Tesseract OCR with Portuguese Support

OS Command
Debian/Ubuntu sudo apt install tesseract-ocr tesseract-ocr-por
Arch Linux sudo pacman -S tesseract tesseract-data-por
macOS brew install tesseract tesseract-lang
Windows Download from UB Mannheim and select Portuguese during installation

Key Features

  • 📄 Broad File Support: Extract text from 20+ document, spreadsheet, and presentation formats
  • 📦 Archive Handling: Supports .zip, .rar, .7z, .tar, .gz, and 30+ more formats
  • 🔍 OCR Integration: Local Tesseract or cloud AWS Textract support
  • 🧹 Text Cleaning: Accent removal, case normalization, stopword filtering (Brazilian Portuguese support)
  • 🇧🇷 Portuguese OCR: Optimized for Brazilian Portuguese documents with Tesseract
  • Batch Processing: Parallel archive extraction
  • 📁 File Management: Comprehensive file/directory operations
  • 📋 File Path Tagging: Automatically includes file path metadata in extracted text

Quick Start

Basic Text Extraction

from goblintools import TextExtractor

extractor = TextExtractor()
text = extractor.extract_from_file("document.pdf")
print(text[:200] + "..." if text else "No text extracted")

# Output includes file path tag:
# file_path_pwd:"document.pdf"
# [extracted text content...]

OCR-Enabled Extraction

# Local OCR with Tesseract
extractor = TextExtractor(ocr_handler=True)
text = extractor.extract_from_file("scanned_document.pdf")
# Output: file_path_pwd:"scanned_document.pdf" [OCR extracted text]

# AWS Textract OCR
extractor = TextExtractor(
    ocr_handler=True,
    use_aws=True,
    aws_access_key="your-key",
    aws_secret_key="your-secret",
    aws_region="us-east-1"
)
text = extractor.extract_from_file("document.pdf")
# Output: file_path_pwd:"document.pdf" [AWS Textract extracted text]

Configuration Management

from goblintools import GoblinConfig, OCRConfig, TextExtractor

# Create config programmatically
config = GoblinConfig(
    max_file_size=50 * 1024 * 1024,  # 50MB limit
    ocr=OCRConfig(
        use_aws=True,
        aws_access_key="your-key",
        aws_secret_key="your-secret",
        aws_region="us-west-2",
        tesseract_lang="por"  # Portuguese OCR (default)
    )
)

# Use config with extractor
extractor = TextExtractor(ocr_handler=True, config=config)

# Save config to file
config.to_file("goblin_config.json")

# Load config from file
config = GoblinConfig.from_file("goblin_config.json")
extractor = TextExtractor(ocr_handler=True, config=config)

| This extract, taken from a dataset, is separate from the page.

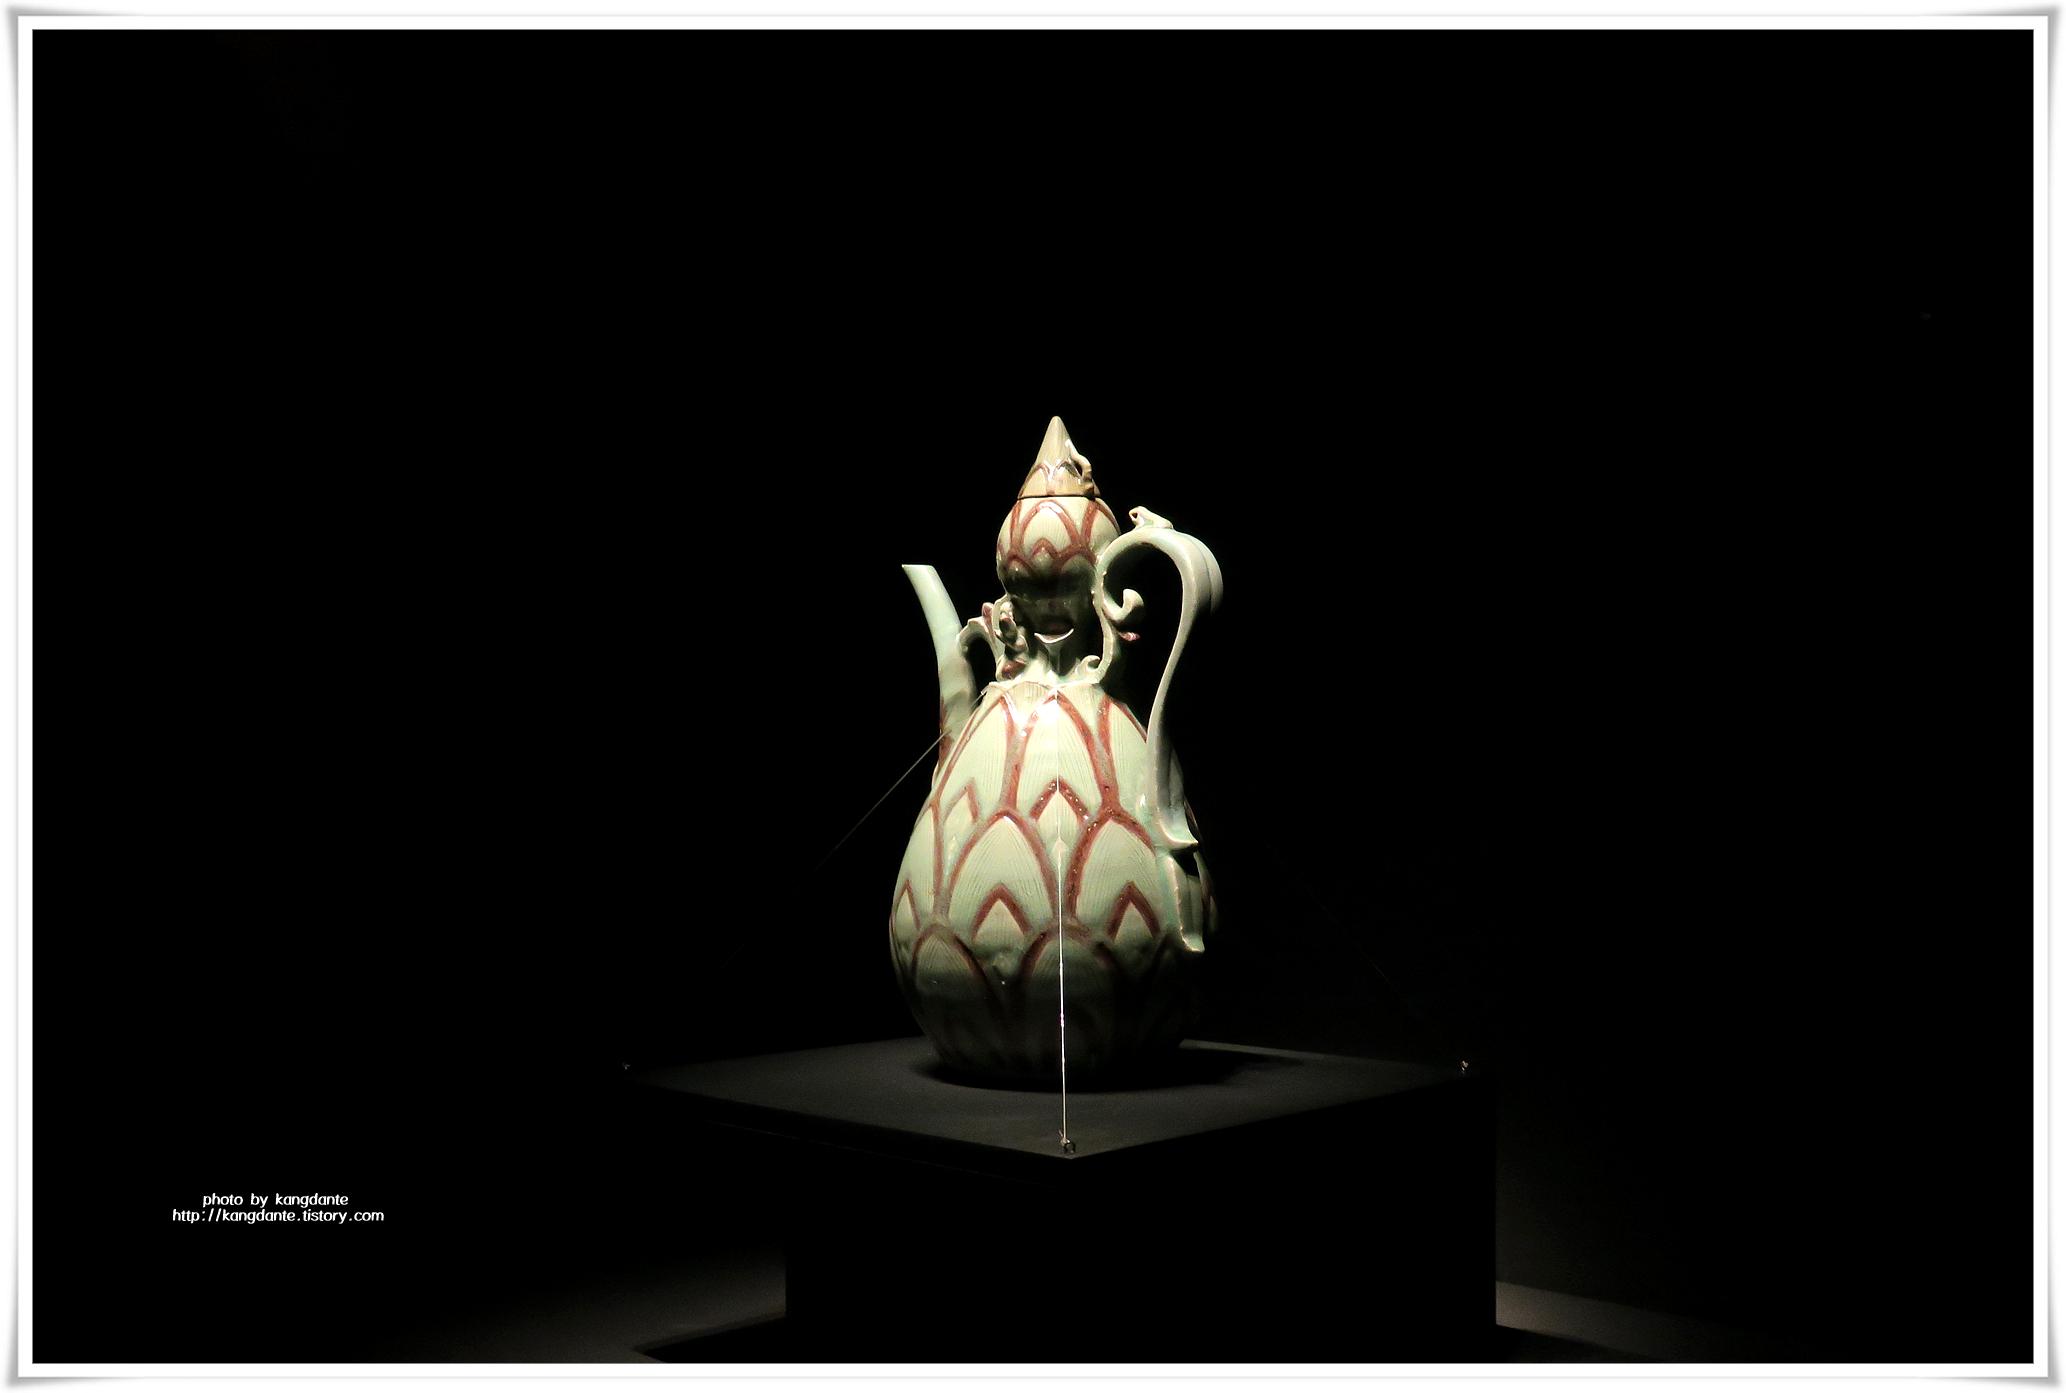 삼성 리움미술관에서 만나는 국보(國寶)와 보물(寶物)

Example config file (goblin_config.json):

{
  "max_file_size": 52428800,
  "ocr": {
    "use_aws": false,
    "aws_access_key": null,
    "aws_secret_key": null,
    "aws_region": "us-east-1",
    "tesseract_lang": "por"
  }
}

Supported Tesseract Languages:

  • "por" - Portuguese (default)
  • "eng" - English
  • "spa" - Spanish
  • "por+eng" - Portuguese + English (multi-language)
  • See Tesseract documentation for more languages

Advanced Features

# Extract from entire folder (respects max_file_size limit)
# Each file's text is prefixed with file_path_pwd tag
text = extractor.extract_from_folder("/path/to/documents")
# Output: file_path_pwd:"/path/to/documents/file1.pdf" [text] file_path_pwd:"/path/to/documents/file2.docx" [text] ...

# Check if PDF needs OCR
if extractor.pdf_needs_ocr("document.pdf"):
    print("This PDF requires OCR processing")

# Validate installation
status = extractor.validate_installation()
print(f"Tesseract available: {status['tesseract']}")
if 'aws_textract' in status:
    print(f"AWS Textract available: {status['aws_textract']}")

# Add custom file parser
def custom_parser(file_path):
    # Your custom extraction logic
    return "extracted text"

extractor.add_parser('.custom', custom_parser)
text = extractor.extract_from_file("file.custom")
# Output: file_path_pwd:"file.custom" extracted text

# Direct OCR processing with config
from goblintools.ocr_parser import OCRProcessor
from goblintools import OCRConfig

ocr_config = OCRConfig(use_aws=True, aws_access_key="key", aws_secret_key="secret")
ocr = OCRProcessor(ocr_config)
text = ocr.extract_text_from_pdf("scanned.pdf")

File Path Tagging

All extracted text automatically includes the file path as metadata using the file_path_pwd tag:

# Single file extraction
text = extractor.extract_from_file("document.pdf")
# Output format:
# file_path_pwd:"document.pdf"
# [extracted text content]

# Folder extraction
text = extractor.extract_from_folder("/path/to/documents")
# Output format:
# file_path_pwd:"/path/to/documents/file1.pdf" [text] file_path_pwd:"/path/to/documents/file2.docx" [text] ...

# Example output:
# file_path_pwd:"/docs/report.pdf" This is the content of the PDF file. file_path_pwd:"/docs/data.xlsx" Spreadsheet data here.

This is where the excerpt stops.